I think the biggest theme of this past week has been ‘humbling’. I can’t even count how many times I have said that I have felt so humbled this week. From watching women meticulously sit at weaving looms, creating more and more of a beautiful fabric, to the women at Hands of Hope, an income generating hand-made craft project produced by individuals living with HIV/AIDs, who merely said mei pen rai (don’t worry about it) after Tamarah and I messed up gluing on at least 20 bracelet labels. But the most humbling experience for me this week was watching my two main coworkers, Crisidad and Bon, nurses at the Care Center, give a sponge bath to a patient who is living with HIV but has also been paralyzed due to a stroke. Helping to give sponge baths is going to be one of my responsibilities once I start my regular work schedule in the next coming week and it was very humbling to watch Crisidad and Bon take such care and time to make sure this woman was clean. It was really hard to watch at points because of the emaciated state of the patient and because she has a huge sore on her lower back that goes through to her muscle tissue. But on the other hand, it was great to see that she was finally getting the attention she was deprived of in the major hospital setting that led to her bed sores. Giving my first sponge bath as well as my other roles this year, such as doing village outreach to the impoverished villages of the Nong Khai region and doing activities with the patients at the Care Center, is definitely going to be hard emotionally but I am also humbled to be given this experience to let individuals who have been so frequently shunned by society see that they are so worthy of love.

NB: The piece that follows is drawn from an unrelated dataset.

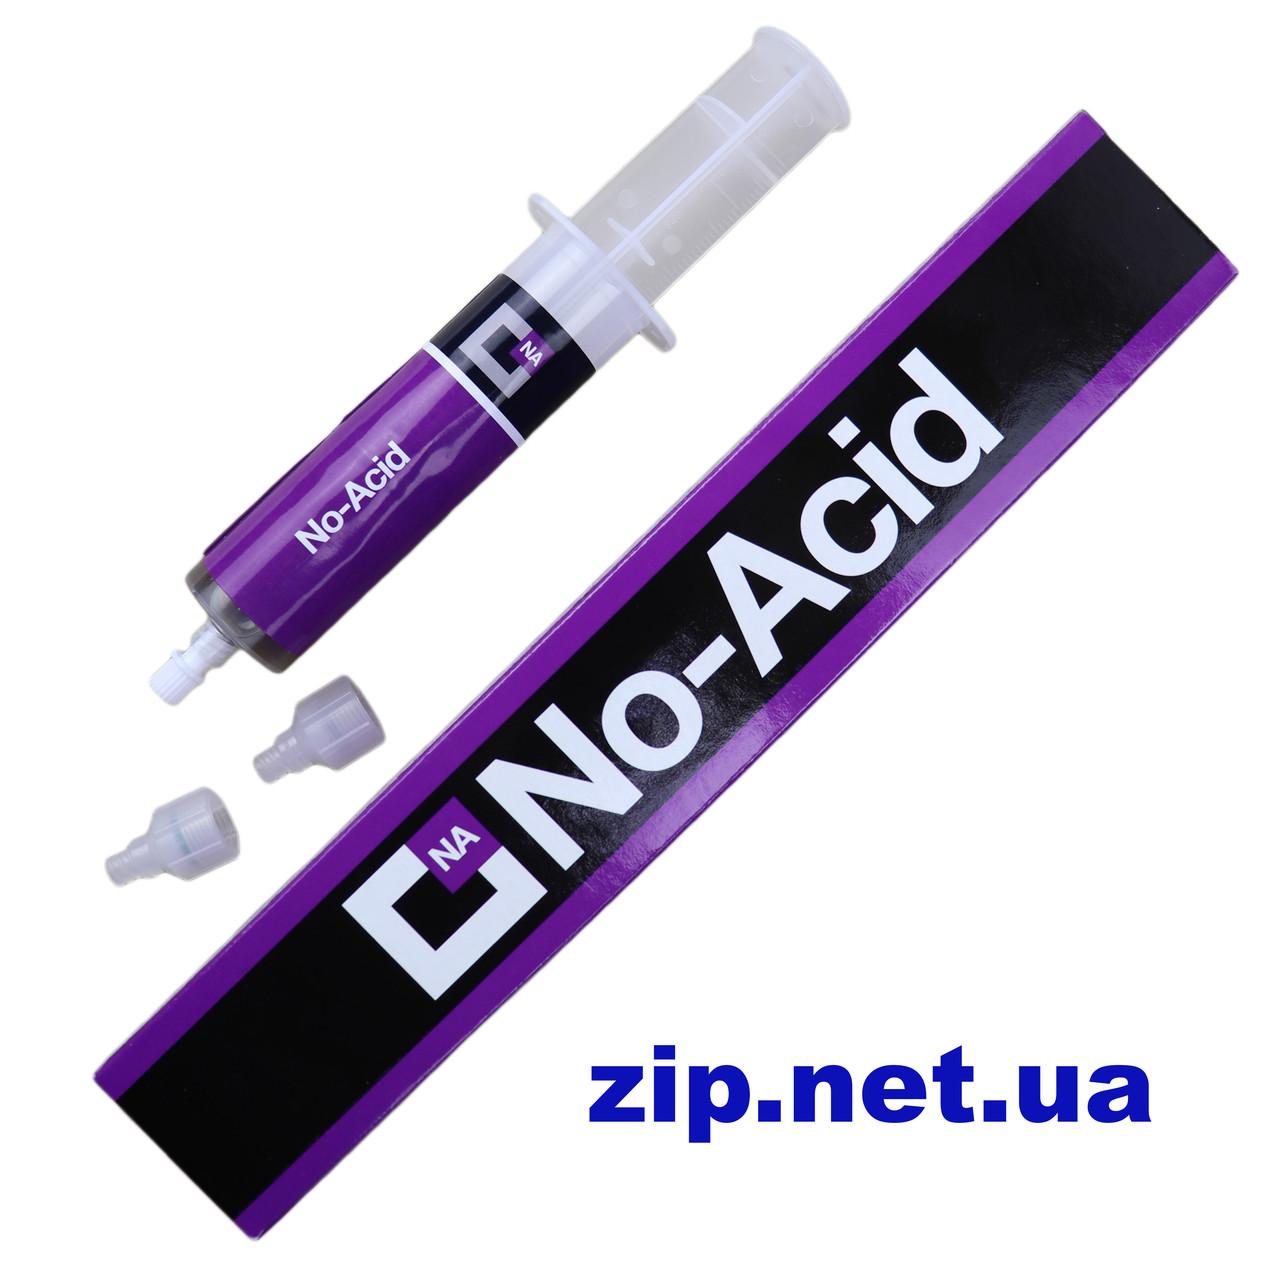 Нейтрализатор кислоты для холодильников, кондиционеров. No-Acid 30 мл. + 2 адаптера. Errecom, Италия
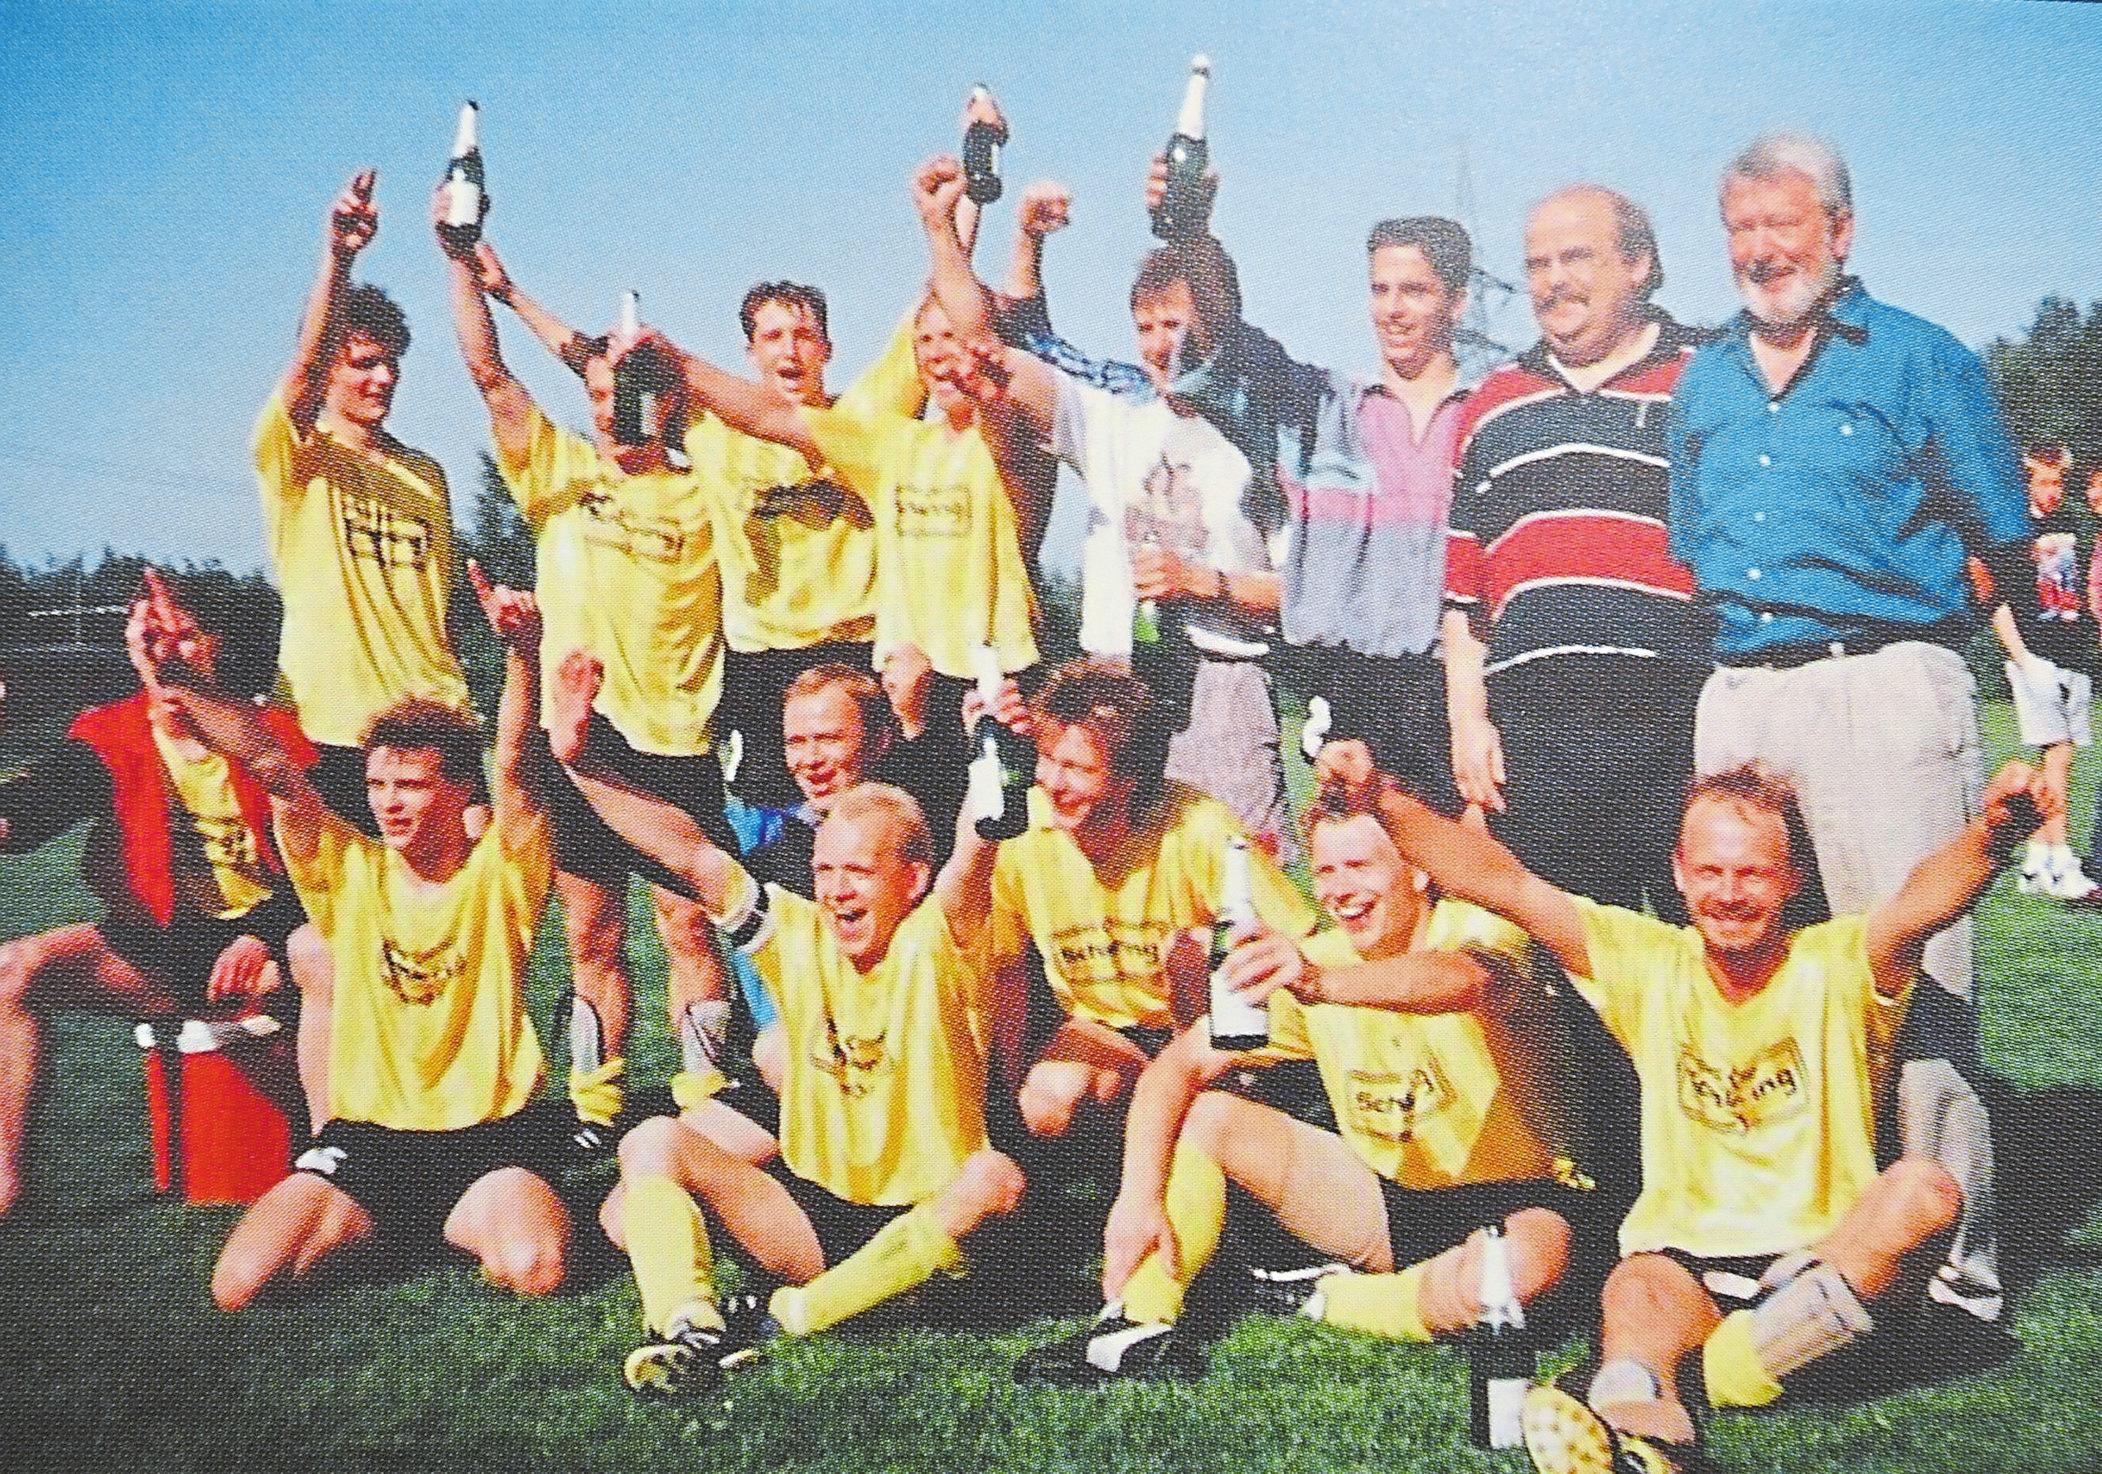 Gefeiert wurde 1993 nach dem Aufstieg in die Kreisliga A: die Mannschaft mit Trainer Ernst Mackel und Betreuer Peter Hornert.

This year is definitely going to have its moments of joy and moments of frustration, but I accept both with open arms. It is currently the rainy season here in Thailand, which means it rains heavily at least once every day. But it also means that everything is an incredibly vibrant green. All day I have had one lyric from the song “I Have Made Mistakes” by the Oh Hello’s stuck in my head. It says “and the sun it does not cause us to grow, it is the rain that will strengthen your soul, it will make you whole”. I don’t think that could be any more true for the year ahead of me. So keep your prayers and well wishes my way! I can feel the love even from thousands of miles away!